Ma’aden’s phosphate business is undergoing rapid expansion. In 2007 the Ma’aden Phosphate Company (MPC) was formed as a joint venture with Saudi Basic Industries Corporation (SABIC), and $5.6bn was subsequently invested in a facility at Ras Al Khair, 90 km north of Jubail on the Gulf coast. The integrated fertiliser facility includes plants producing phosphoric and sulphuric acids, an ammonia facility and a phosphate plant producing 3m tonnes per annum (tpa) of fertiliser. MPC also operates a phosphate mine and plant at Al Jalamid, 150 km east of Turaif in the north of the Kingdom, which produces 11.6m tpa of ore that is then transported to Ras Al Khair by rail. However, the company’s biggest ongoing project is at Waad Al Shamal, just 20 km from Turaif. In partnership with SABIC and the Mosaic Company, the largest fertiliser producer in the world, Ma’aden is investing $7bn in an integrated facility that will more than double the firm’s phosphate production capacity when it comes on-line in late 2016.
The 1500-km, north-south railway that will serve Ma’aden’s fertiliser and phosphate plants is also key to the development of its aluminium business. Built and operated by Saudi Railway Company, the railway will carry 4m tpa of bauxite ore from Ma’aden’s Al Baitha bauxite mine 600 km to the deep-water port at Ras Al Khair. In September 2014 Ma’aden announced that commercial operations had begun at the $10.8bn aluminium plant it built in a joint venture with Alcoa of the US, which owns 25% of the facility. The smelter has a production capacity of 740,000 tpa of aluminium. Ma’aden has also built a 380,000-tpa rolling mill and a refinery in an integrated production facility.
In December 2014 Ma’aden announced it was paying $216m to create a 50:50 joint venture with Barrick Gold Corporation to develop and mine a copper deposit at Jabal Sayid, 120 km south of Medina. The company says it hopes production will start by the end of 2015. According to a report published in 2008, the Ministry of Petroleum and Mineral Resources had discovered precious metals at 1273 sites in the Kingdom and non-precious metals at 1711 sites. Other mineral discoveries in the Kingdom include bentonite, dolomite, feldspar, garnet, zinc, granite, graphite, gypsum, tantalum, high-grade silica sand, kaolinitic clays, limestone, magnesium, marble and silver. “The western regions offer the richest area for mineral exploration, especially in terms of the range of minerals that can be found there,” Alsenaidi told OBG.

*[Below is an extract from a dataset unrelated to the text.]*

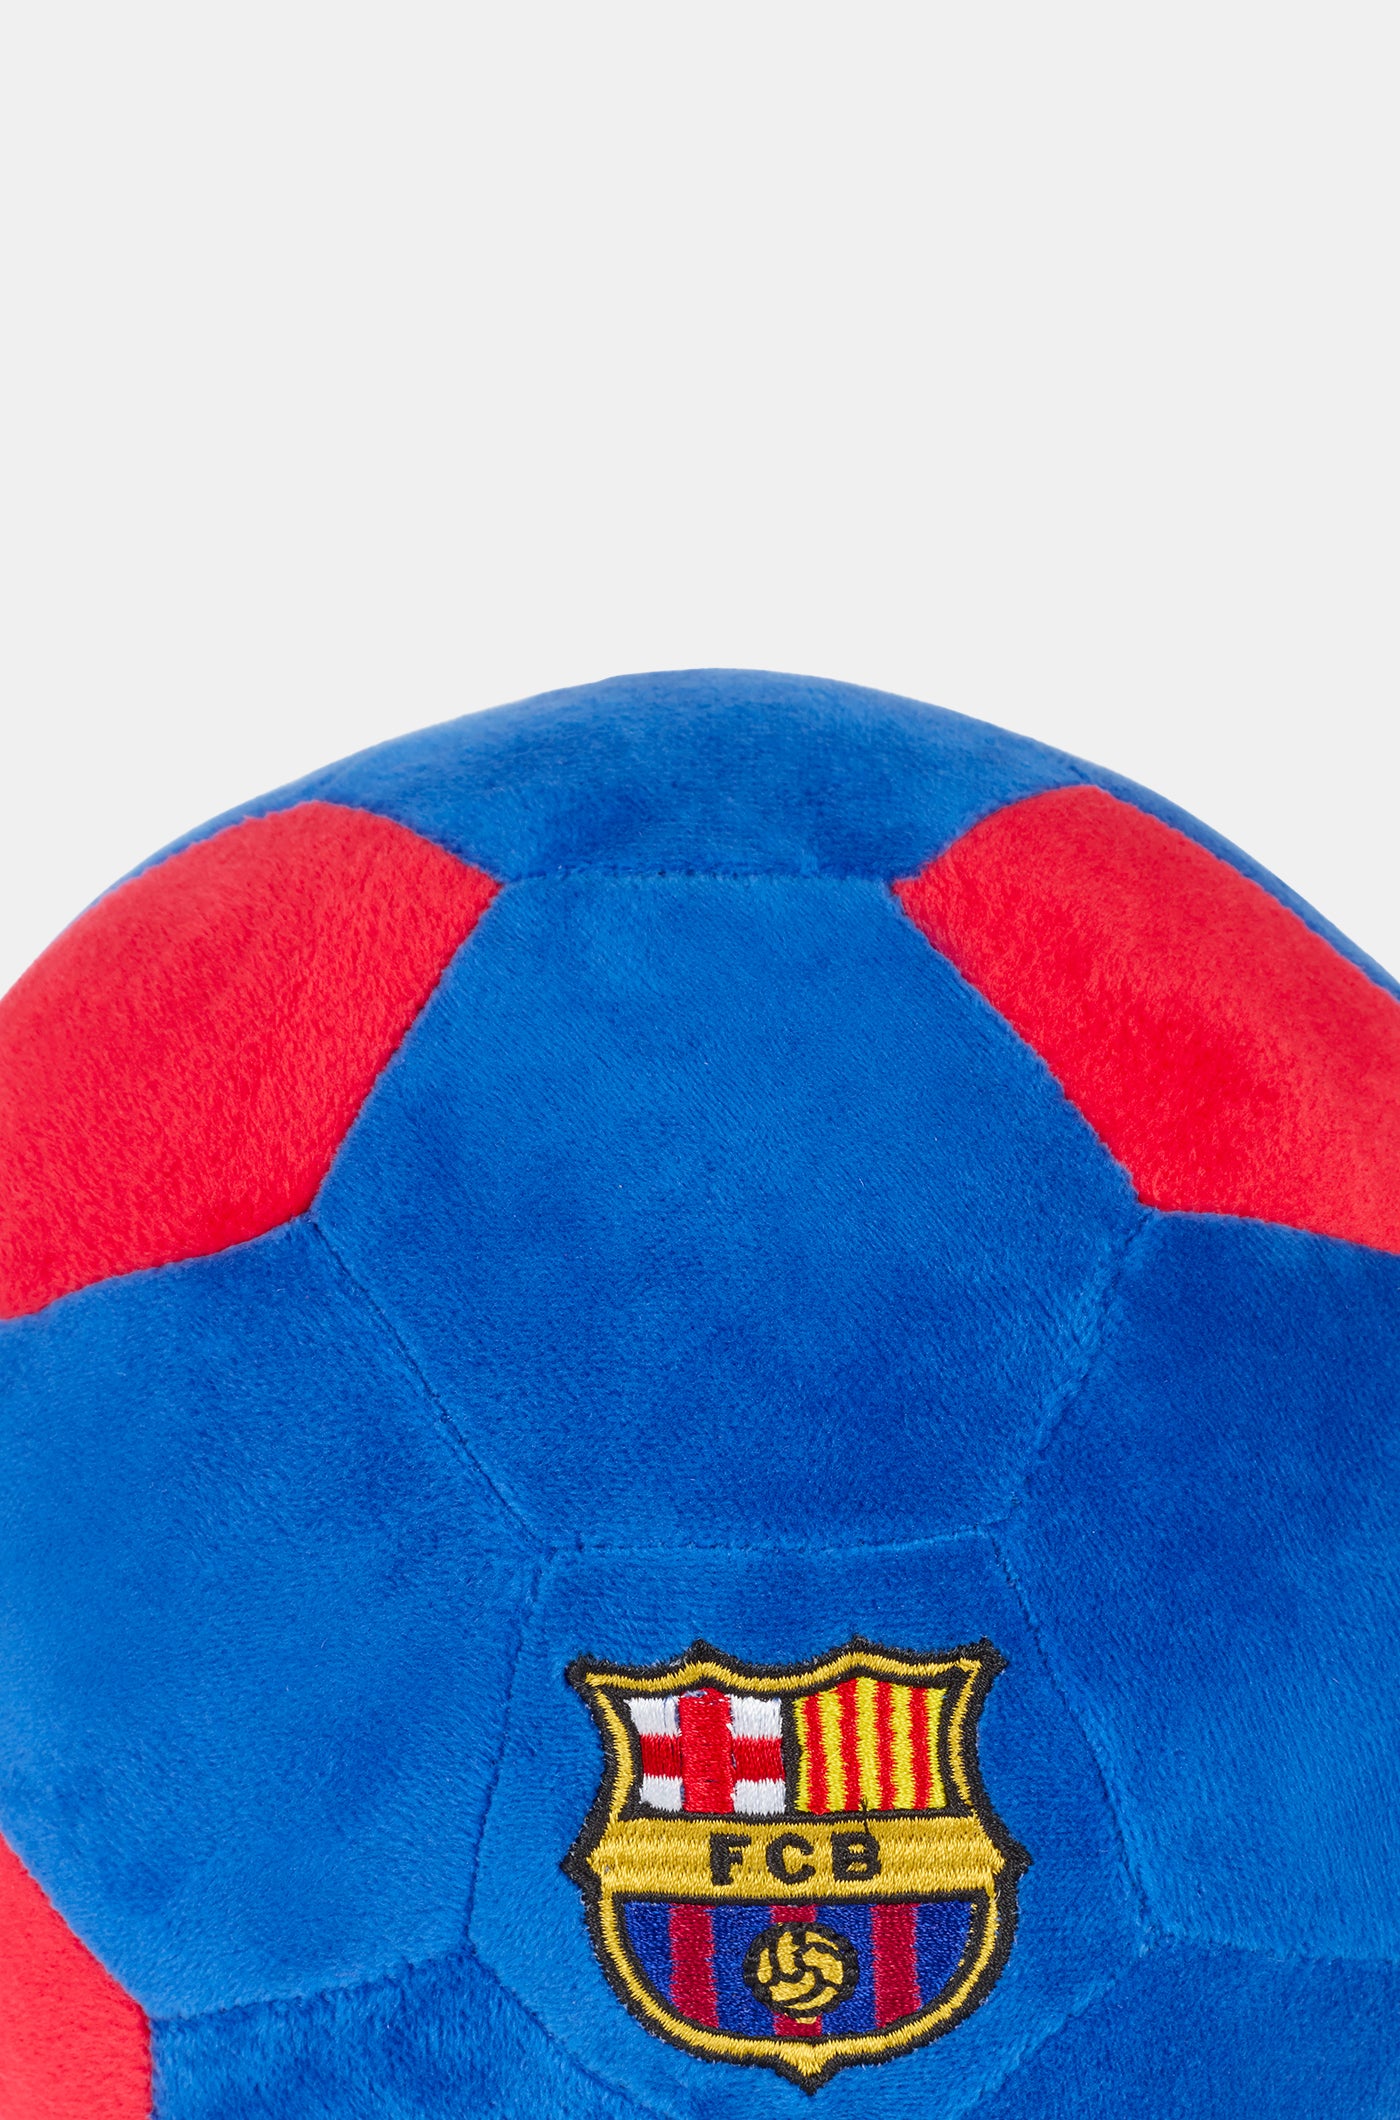 Cresty teddy ball- FC Barcelona

Since 2011 a wholly owned subsidiary, Ma’aden Industrial Minerals Company, has been extracting low-grade bauxite (LGB), kaolin and magnesite. The company operates a kaolin and LGB mine in the central zone of Az Zabirah, a high-grade magnesite mine in Zargat and a processing plant in Al Madinah Al Munawarah. LGB is used as an additive in cement industries, while kaolin serves as a filler in paper, paint, plastics, adhesive and ceramics, and is also supplied to the phosphate industry for the production of phosphoric acid. Magnesite is used to line blast furnaces and incinerators, and as a filler in the production of synthetic rubber. In 2013 the Ma’aden Industrial Minerals Company had sales of SR150m ($40m).
The challenge for the government is to use the resources as a platform to launch manufacturing enterprises. “Value-added creation is a must,” Al Assaf told OBG. “We should not just be exporting raw materials, but instead develop the entire downstream industry so that we are creating finished goods.” The aluminium could be used to make drinks cans, but also parts for the car manufacturing or aerospace industries.